## The data
============
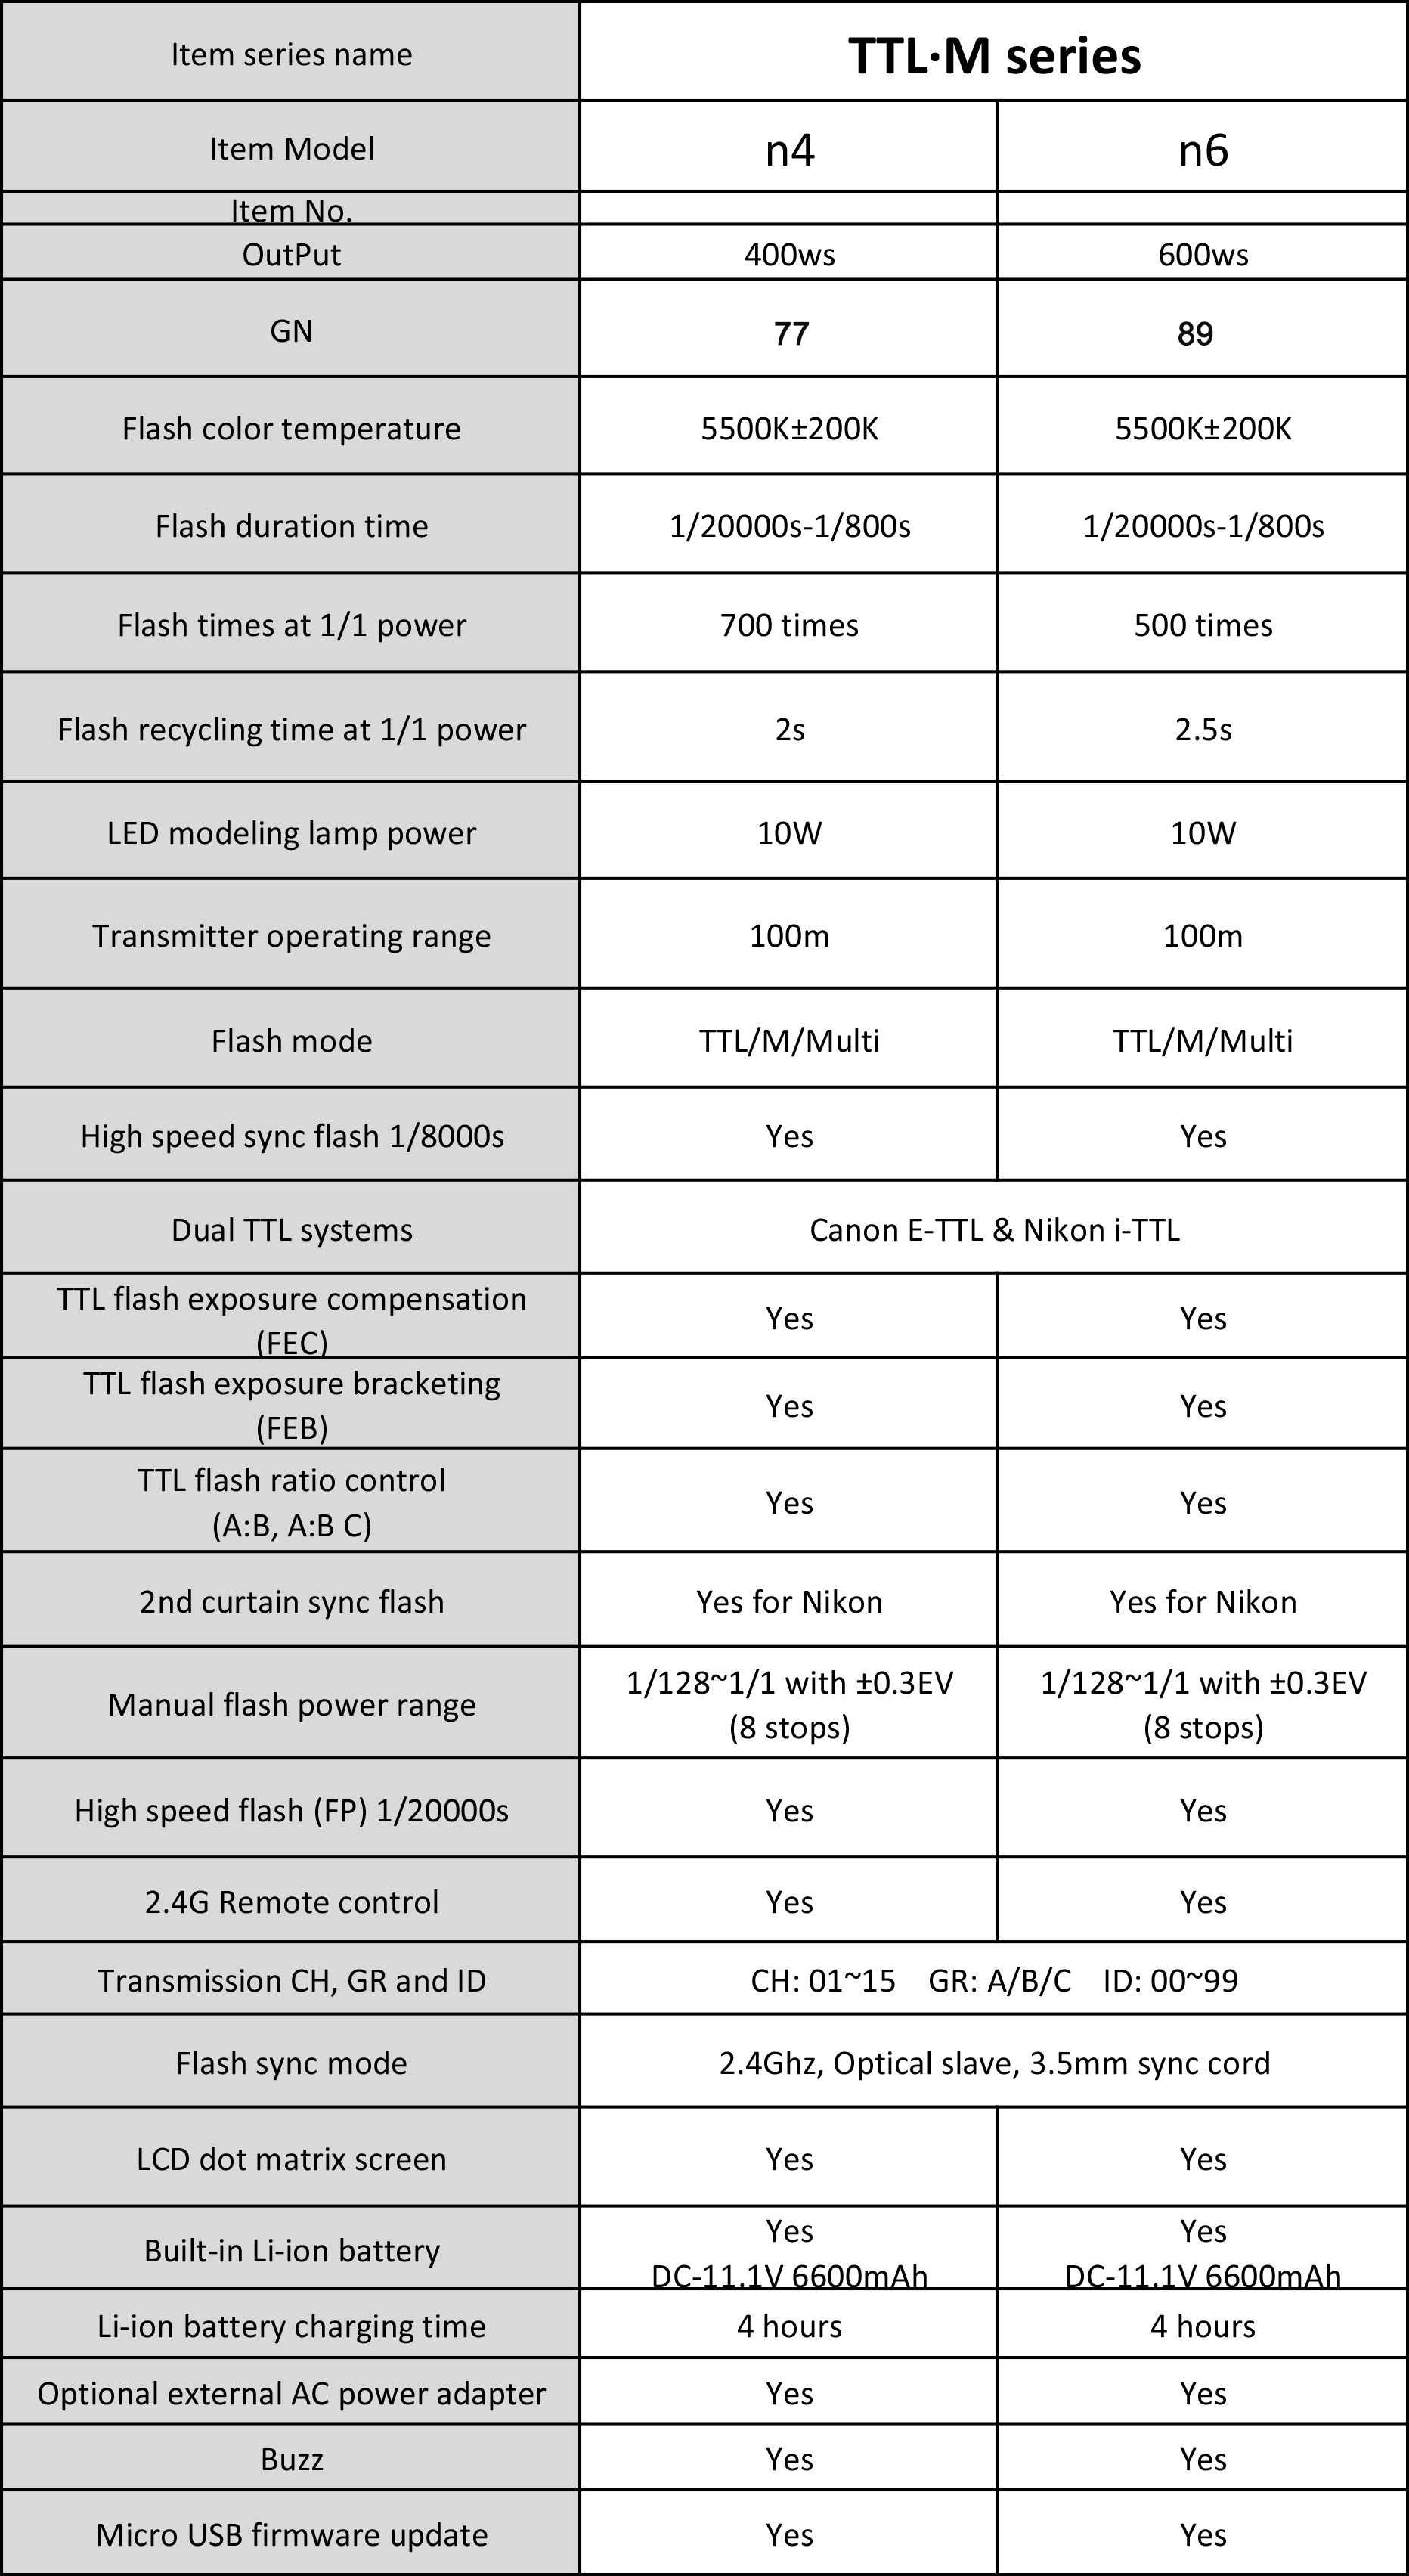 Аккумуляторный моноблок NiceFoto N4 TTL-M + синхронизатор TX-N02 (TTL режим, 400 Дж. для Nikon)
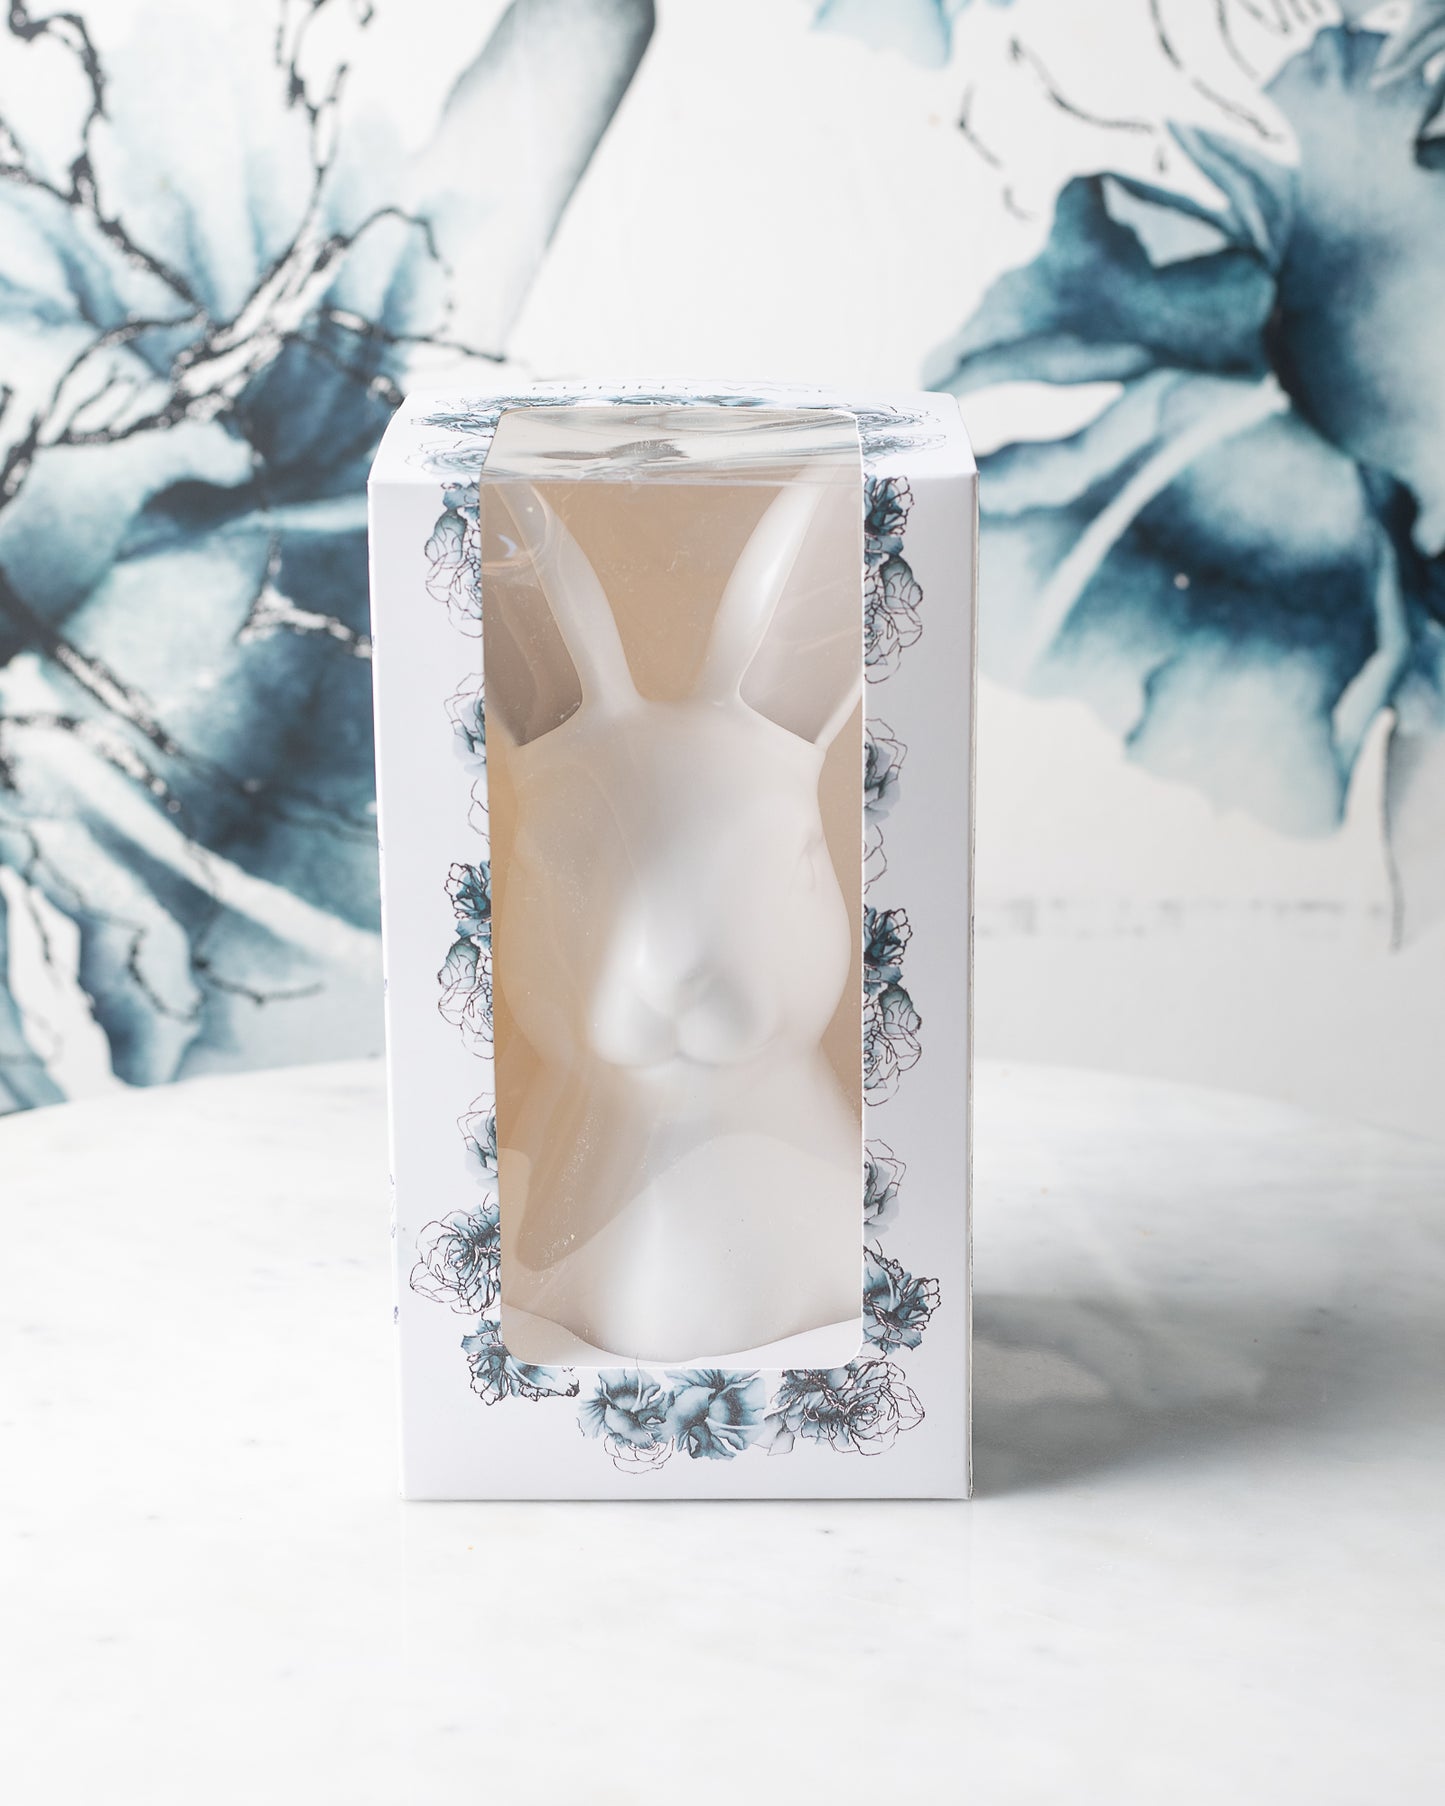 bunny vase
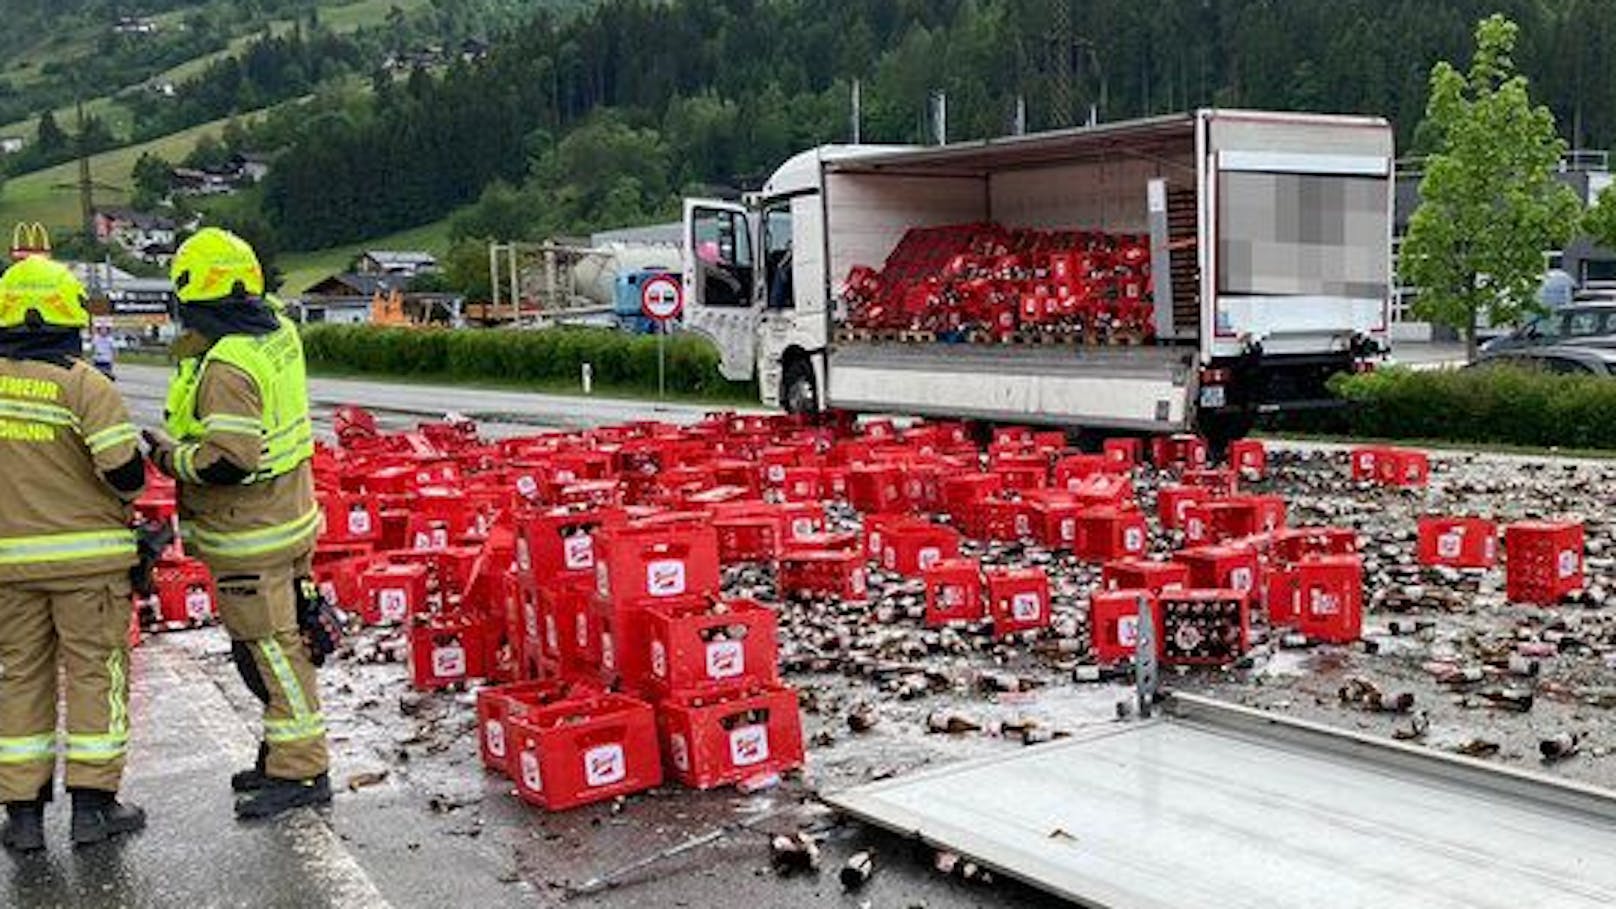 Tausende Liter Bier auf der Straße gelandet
============
## Task prompt
The listing above must be repeated exactly. Its pictures are not part of the copy.

## Answer to the problem
 Аккумуляторный моноблок NiceFoto N4 TTL-M + синхронизатор TX-N02 (TTL режим, 400 Дж. для Nikon)
 bunny vase
 Tausende Liter Bier auf der Straße gelandet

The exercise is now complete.